The rules and regulations shall be adopted pursuant to the requirements of the Maine Administrative
Procedure Act.
[PL 1977, c. 694, §331 (AMD).]
1-A. Administration of medication. The administration of medication in assisted housing
programs, residential care facilities, drug treatment centers, day care facilities, children's homes and
nursery schools and nonnursing level intermediate care facilities for persons with intellectual
disabilities must be in accordance with rules established by the department. In other facilities licensed
or approved by the department, excluding those facilities licensed under section 1811, other than
nonnursing level intermediate care facilities for persons with intellectual disabilities, the department
may establish rules for the administration of medication as it considers necessary. In establishing rules
for each type of facility, the department shall consider, among other factors, the general health of the
persons likely to receive medication, the number of persons served by the facility and the number of
persons employed at the facility who might be involved in the administration of medication. Any rules
for the administration of medication must be established in accordance with Title 5, chapter 375.
[PL 2025, c. 237, §1 (AMD).]
2. Department records. The department shall make and enforce reasonable rules and regulations
governing the custody, use and preservation of the records, papers, files and communications of the
department, and especially those which pertain to the granting of public assistance. The use of such
records, papers, files and communications by any other agency or department of government to which
they may be furnished shall be limited to the purposes for which they are furnished and by the law
under which they may be furnished. It shall be unlawful for any person, except for purposes directly
connected with the administration of the public assistance and in accordance with the rules and
regulations of the department, to solicit, disclose, receive, make use of or authorize, knowingly permit,
participate in or acquiesce in the use of, any list of or names of, or any information concerning, persons
applying for or receiving such assistance, directly or indirectly, derived from the records, papers, files
or communications of the State or subdivisions or agencies thereof, or acquired in the course of the
performance of official duties. Any person violating any provision of this subsection shall be punished
by a fine of not more than $500 or by imprisonment for not more than 11 months, or by both.

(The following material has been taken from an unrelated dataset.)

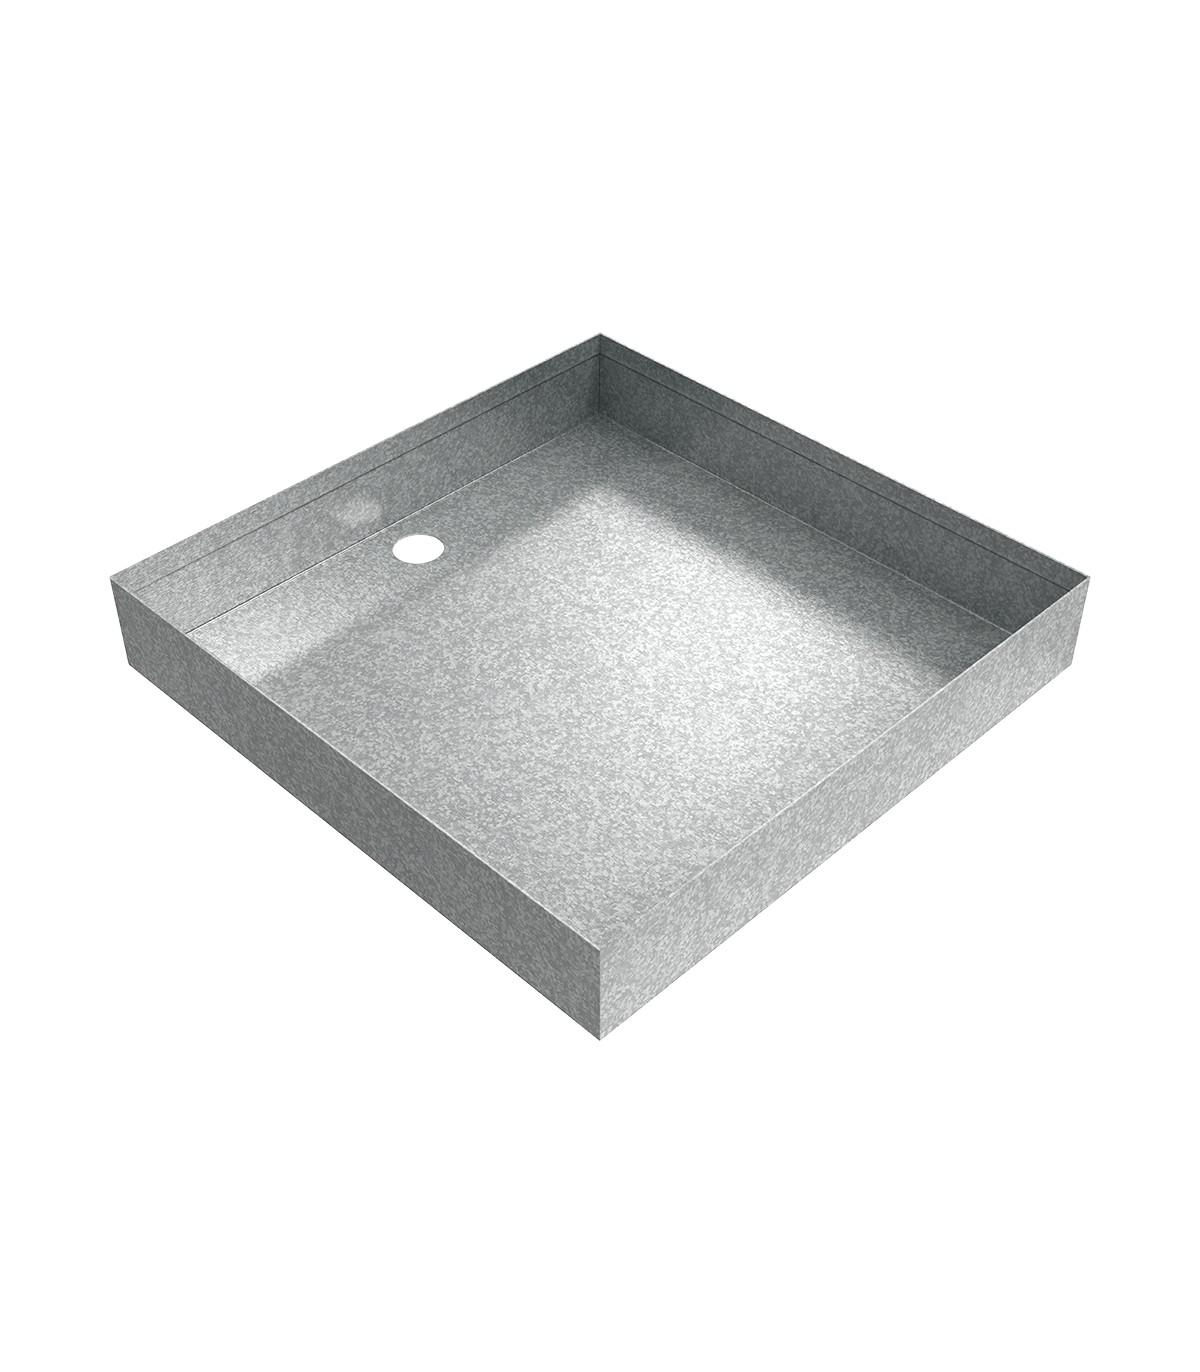 Galvanized Drain Pan 12 X 12

[PL 1973, c. 521, §1 (RPR).]
3. Subsurface sewage disposal. The department shall adopt minimum rules relating to subsurface
sewage disposal systems. All rules, including installation and inspection rules, must be consistent with
Title 30-A, chapter 185, subchapter III and Title 32, chapter 49, but this does not preempt the authority
of municipalities under Title 30-A, section 3001 to adopt more restrictive ordinances. These rules may
regulate the location of water supply wells to provide minimum separation distances from subsurface
sewage disposal systems. The department may require a deed covenant or deed restriction when
determined necessary.
Any person who violates the rules adopted under this subsection, or who violates a municipal ordinance
adopted pursuant to Title 30-A, sections 4201 and 4211 or uses a subsurface waste water disposal
system not in compliance with rules applicable at the time of installation or modification must be
penalized in accordance with Title 30-A, section 4452. Enforcement of the rules is the responsibility
of the municipalities rather than the department. The department or a municipality may seek to enjoin
violations of the rules or municipal ordinances. In the prosecution of a violation by a municipality, the
court shall award reasonable attorney's fees to a municipality if that municipality is the prevailing party,
unless the court finds that special circumstances make the award of these fees unjust.

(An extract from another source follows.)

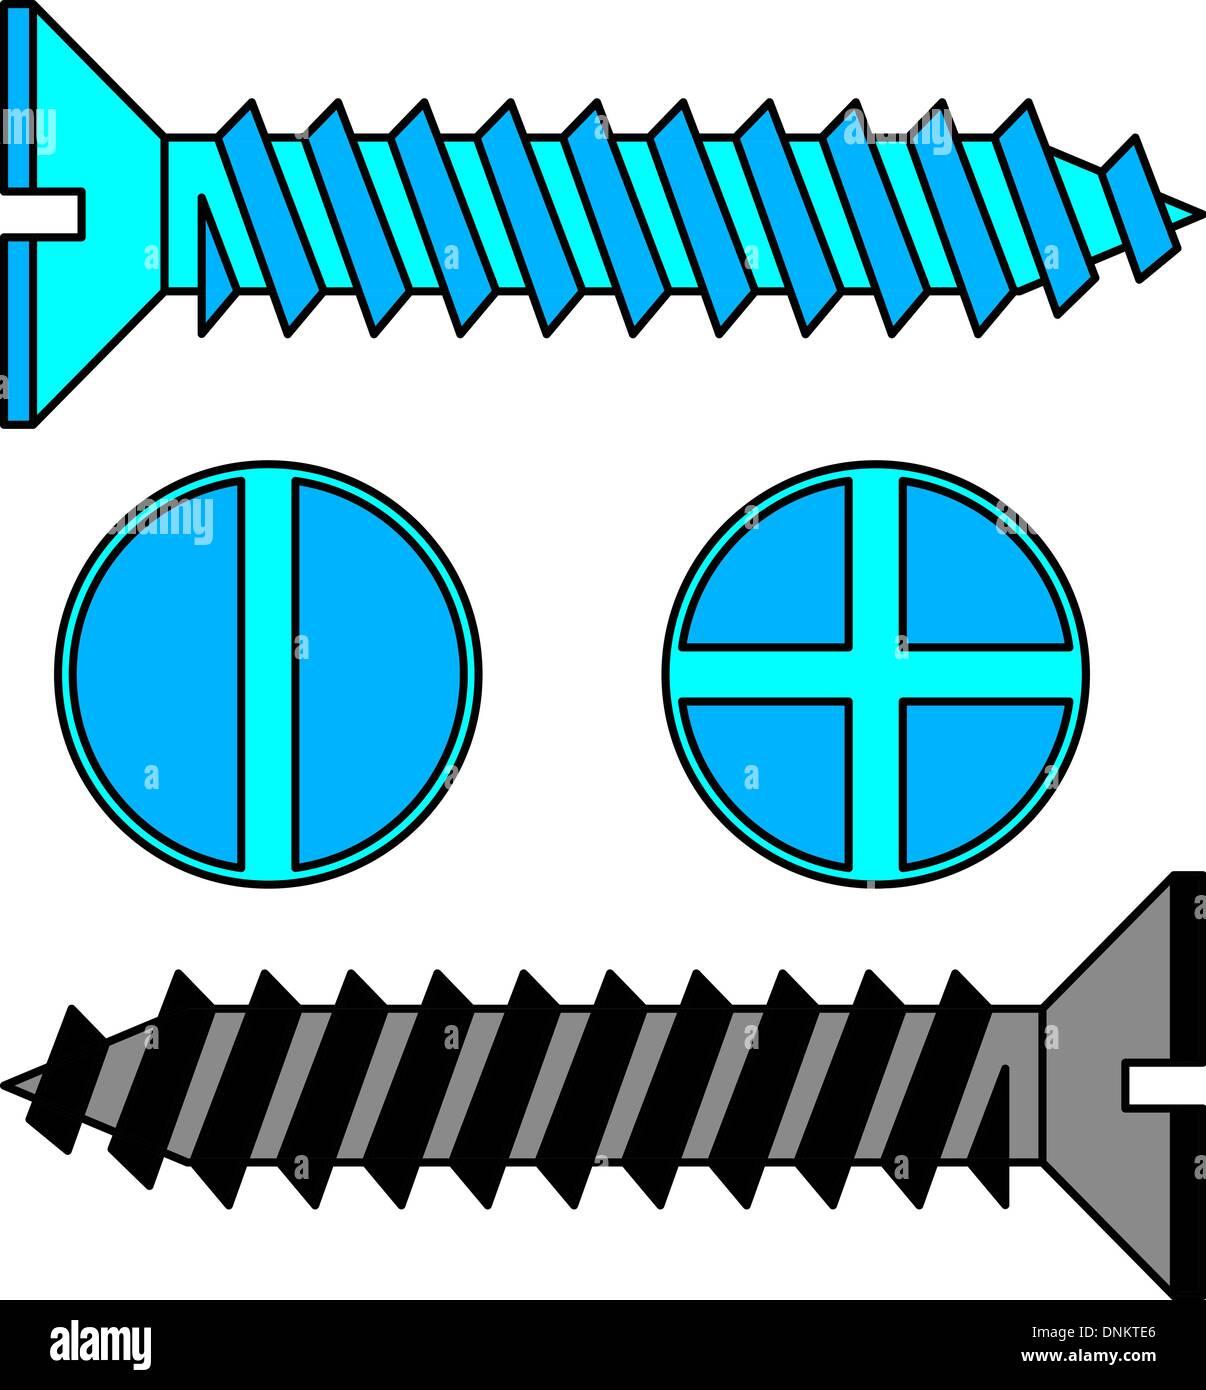 Vis en acier inoxydable. Vector illustration. Photo Stock

[PL 1997, c. 727, Pt. C, §4 (AMD).]
3-A. Licensing of persons to evaluate soils for subsurface wastewater disposal systems. The
department shall adopt rules providing for professional qualification and competence, ethical standards,

licensing and relicensing and revocation of licenses of persons to evaluate soils for the purpose of
designing subsurface wastewater disposal systems. The hearings provided for in subsection 3 must
include consideration of the adoption or change of those rules.
The department shall investigate or cause to be investigated all cases or complaints of noncompliance
with or violations of this section and the rules adopted pursuant to this section. The department has the
authority to grant or amend, modify or refuse to issue or renew a license in accordance with the Maine
Administrative Procedure Act, Title 5, chapter 375, subchapter 5. The District Court has the exclusive
jurisdiction to suspend or revoke the license of any person who is found guilty of noncompliance with
or violation of the rules adopted pursuant to this subsection or subsection 3.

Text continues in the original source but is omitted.